L'oreille, elle, continue d'entendre et se révèle, justement dans la nuit,
d'un extraordinaire secours. On dirait même qu'elle s'affine, s'aiguise
dans ces conditions-là, sans doute parce que l'œil cesse de monopoliser
une certaine partie de l'attention. Ainsi, encore une fois, sur le plan
symbolique, par la lumière et le jour l'œil affirme sa parenté avec la raison,
tandis que l'oreille, plus à l'aise dans la nuit, affirme la sienne avec le
sentiment.
Lequel de ces deux sens a préséance sur l'autre ? Il faut concéder
l'avantage aux yeux, en raison notamment de leur possibilité
d'expression. En eux l'âme se reflète, telle une image dans une flaque
d'eau. L'esprit y brille et y pétille. Certains ont les yeux méchants, d'autres
louches, d'autres doux. Un regard peut être angoissé, courroucé, souriant,
moqueur, apeuré, exalté. Donc, les yeux ne font pas que voir, ils
« parlent » aussi. Les oreilles ne font qu'entendre et de plus leur forme
n'a rien d'esthétique. Tandis que le regard constitue le centre d'intérêt du
visage, son haut lieu, son point focal. De tous les accessoires dont est
pourvu le corps, l'œil est apparemment le plus précieux. Ne dit-on pas
d'une chose infiniment précieuse qu'on y tient « comme à la prunelle de
ses yeux » ?
Aussi être privé de la vue constitue la plus tragique des infirmités, car les
rapports avec le monde en général s'en trouvent profondément
perturbés. Pourtant la perte de l'ouïe, dans certains cas, peut être
presque aussi dramatique. Cette fois ce sont les rapports avec les
personnes qui se trouvent profondément dérangés, rapports qui
deviennent toujours plus précieux à mesure que nous vieillissons. Ainsi
pour des jeunes, la cécité pourra apparaitre comme une infirmité plus
grave, alors que pour certains vieux, ce pourra être la surdité.

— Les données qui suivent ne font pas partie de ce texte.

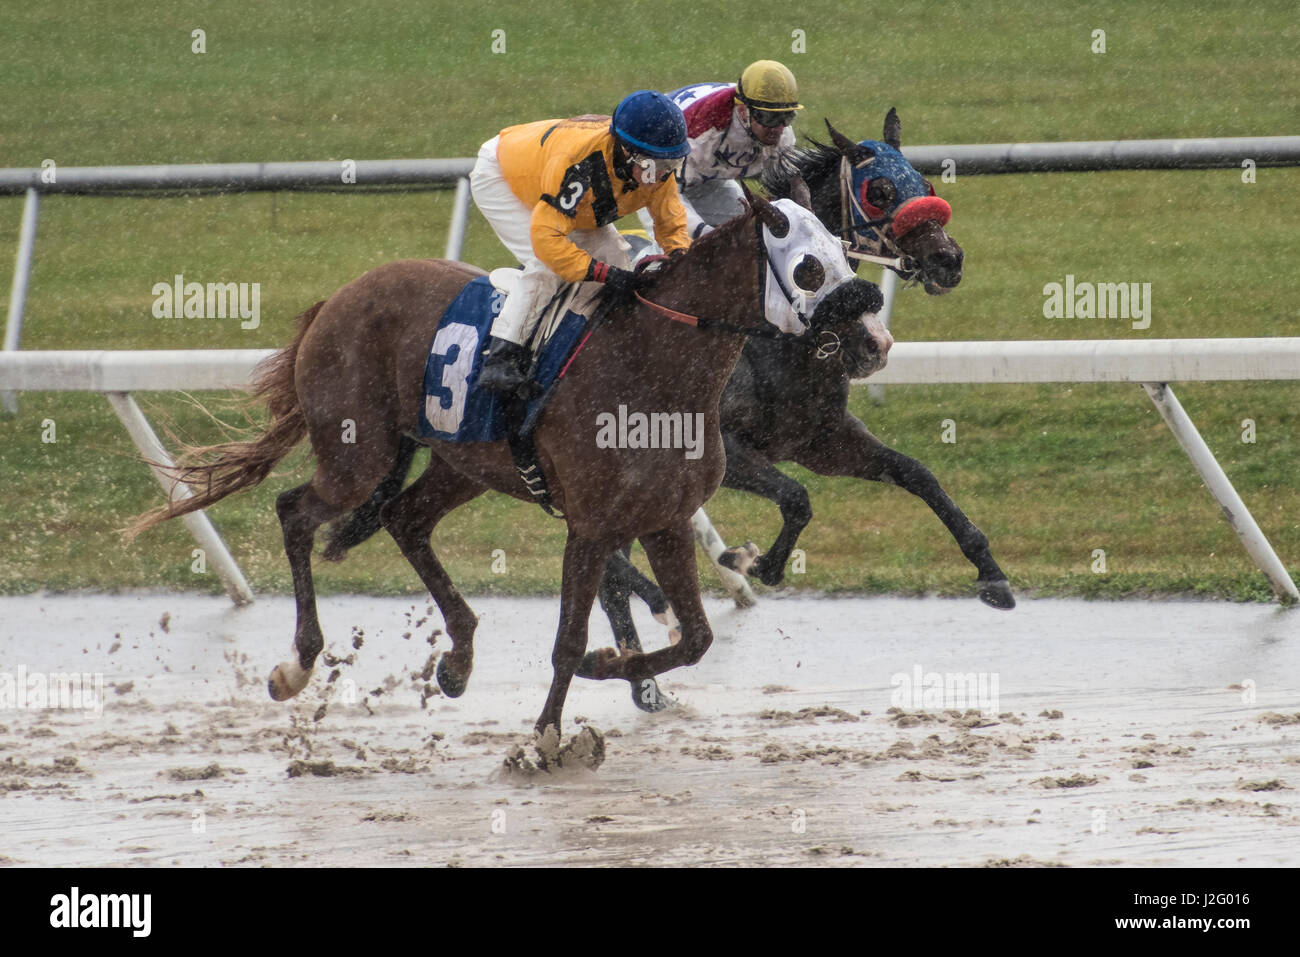 Pferde und Jockeys Kopf an Kopf Rennen im Regen, tiefen Tampa, Florida Stockfoto

Finalement, il y a une sorte de privilège de la vision sur tous les autres
sens. Voyant une chose, je pense voir cette chose même et non une
image, un signe, une simple apparence d'elle qui lui appartiendrait d'une
façon plus ou moins accidentelle. La forme visuelle d'une chose s'identifie
presque avec son essence, tandis que ce que perçoivent de cette même
chose tous les autres sens, y compris l'ouïe, en constitue des propriétés
seulement. Aussi perdre la vue, c'est comme perdre le monde lui-même.
En fait, nous perdons sa présence hors de nous et une sorte d'accès direct
aux choses elles-mêmes. Pourtant, quand l'objet vu est un autre être
humain, c'est bien moins sa forme ou sa physionomie, c'est-à-dire son
apparence proprement visuelle, qui peut nous livrer ce qu'il est vraiment,
que sa parole, c'est-à-dire, d'une certaine façon, les sons qu'il émet ou
qu'il crypte dans des écrits ou qu'il symbolise dans tous ses actes.